7 février : A Versailles, l'ordre est conféré par le roi pour la
rédaction des cahiers de
doléances. Pour
les élus du Tiers, la circonscription « fiscale » est représentée
par la sénéchaussée ou le baillage. La rédaction des cahiers de doléances s'est déroulée à l’échelle des paroisses au sein
de
139 évêchés à l’échelle du pays. Si il a été retrouvé des demandes
assez
souvent communes de la part des citoyens, c’est aussi en raison de
modèles qui ont pu circuler. Un village était à peu près l'égal d'une
paroisse, il en
ressortit plus de 40.000 communes participantes. Une paroisse dans Paris représentait l’équivalent d’un quartier ou plus avant 1789 (voir le plan Juinié). Les votes s'organiseront au sein de 60 districts, puis 48 districts ou sections Parisiennes au sein de ce qui sera en 1790 le département de la Seine ou de Paris. Le Parlement
de Paris entend les frères Leleu, minotiers (marchands de farine) à
Corbeil, accusés d’augmenter le prix des grains par les boulangers de
Paris.
8 février : La noblesse de Provence exclue le comte Honoré de Mirabeau, qui ne possède pas
de fief.
9 février : Martinique, il est voté une Adresse au Roi : « L'Assemblée
Coloniale de la Martinique, informée de la faveur que vous venez de
faire à votre royaume, en lui accordant des États-généraux, supplie
bien humblement votre Majesté de la faire participer à ce bienfait. » et demande ainsi à avoir des députés aux E.G. (Source : Manioc, J. Lucrèce, Histoire de la Martinique, page 92) A Paris, il est lu à l'Assemblée de la Société des Amis des Noirs, le Mémoire sur les noirs de l'Amérique Septentrionale
de J.P. Brissot de Warville. Depuis Londres est publié par l'ancien
Contrôleur général des finances, Charles Alexandre de Calonne
(1783-1787) une Letttre adressée au roi. (Sources : Gallica - Bnf)
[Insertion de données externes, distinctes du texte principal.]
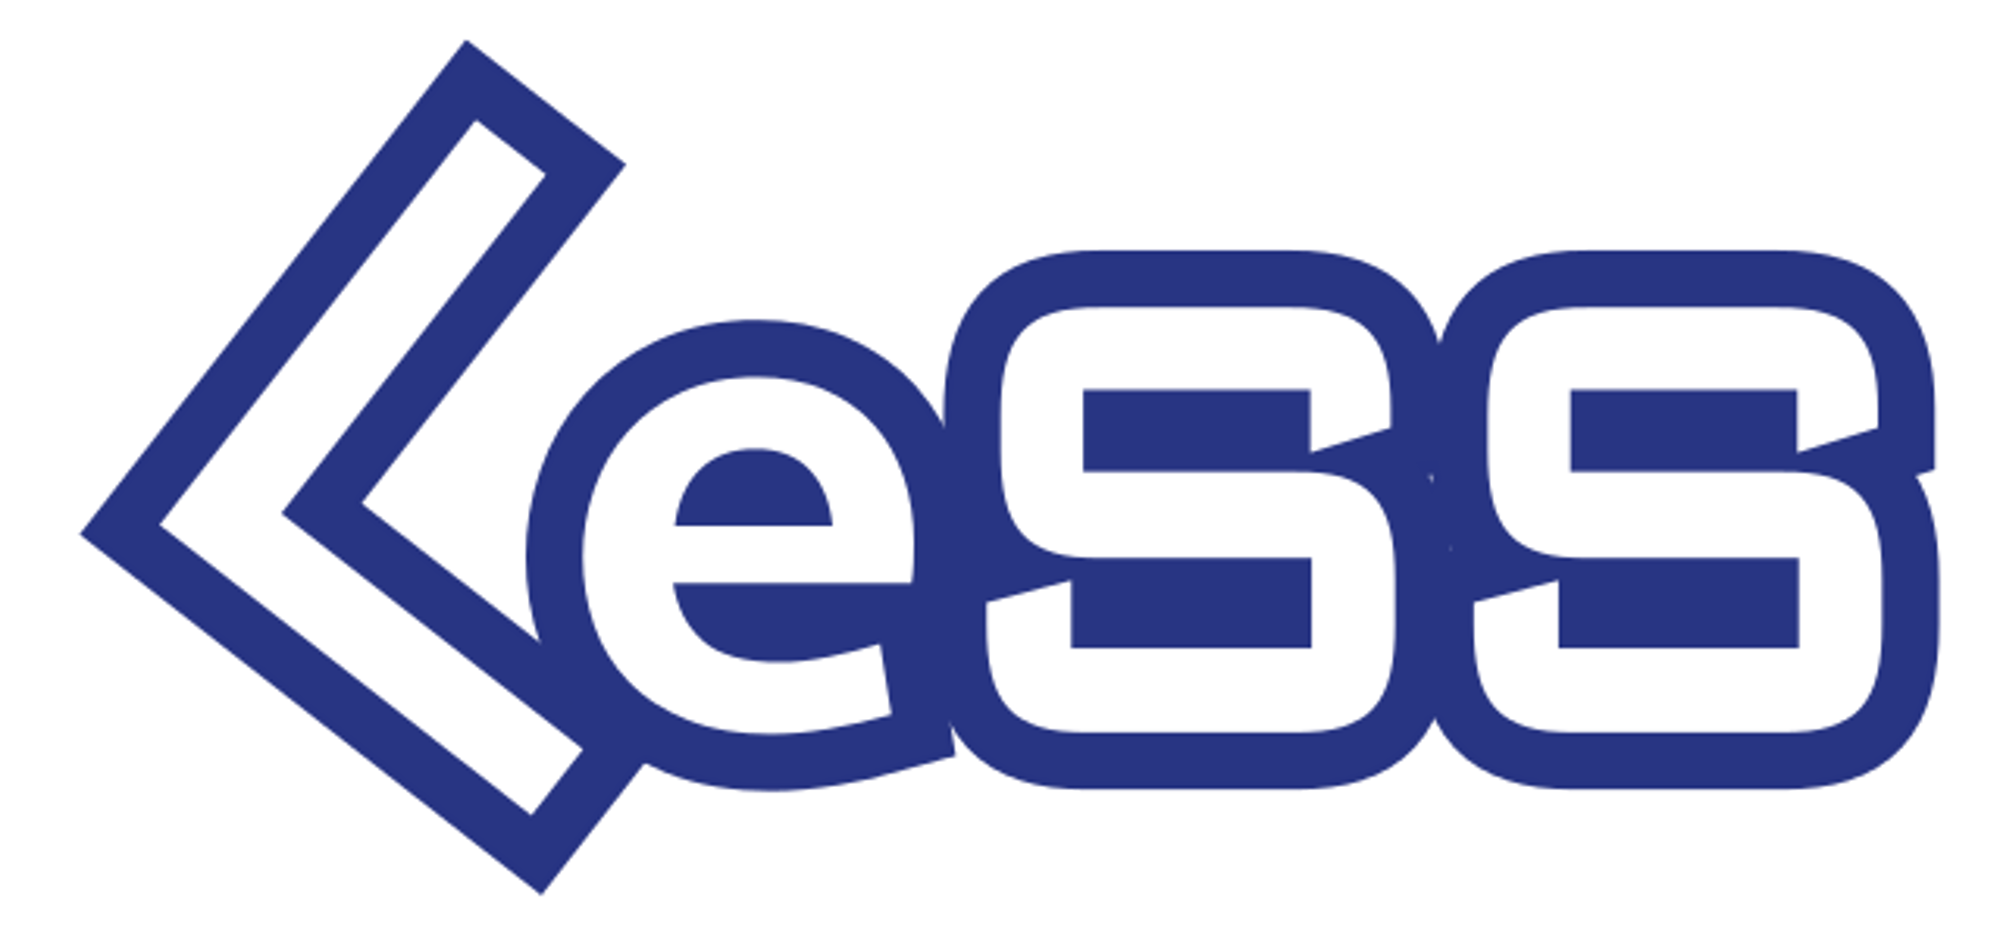 Less. Less logo. Less CSS лого. Less (язык стилей).

10 février : Le Parlement de Paris condamne l'Histoire secrète de la
Cour de Berlin de Mirabeau, fils et comte, à ne pas confondre avec son frère ou père. Tous les trois seront membres de l'Assemblée nationale.
11 février : Le comte de Mirabeau fait publier À la Nation Provençale. « Ai-je
le droit de voter parmi les Possédants-fiefs de Provence? A-t-on celui
de m'en exclure? Cette question en elle-même est bien frivole, et, si
j'ose le dire, peu digne de m'occuper. Ce n'est point la qualité de
Possédant-fief qui me donne le droit d'être utile à mon pays.
Provençal, homme, citoyen tels sont mes titres, je n'en réclame point
d'autres. » (Source : disponible sur Google-livres, 53 pages)
12 février : Lettre de M. Bergasse sur les États-généraux,
celui-ci est négociant et futur député à la Constituante, et c'est un
"monarchien" proche de M. Mounier. Le sieur Nicolas Bergasse
abandonnera ses fonctions en septembre (Source : consultable sur Google livres).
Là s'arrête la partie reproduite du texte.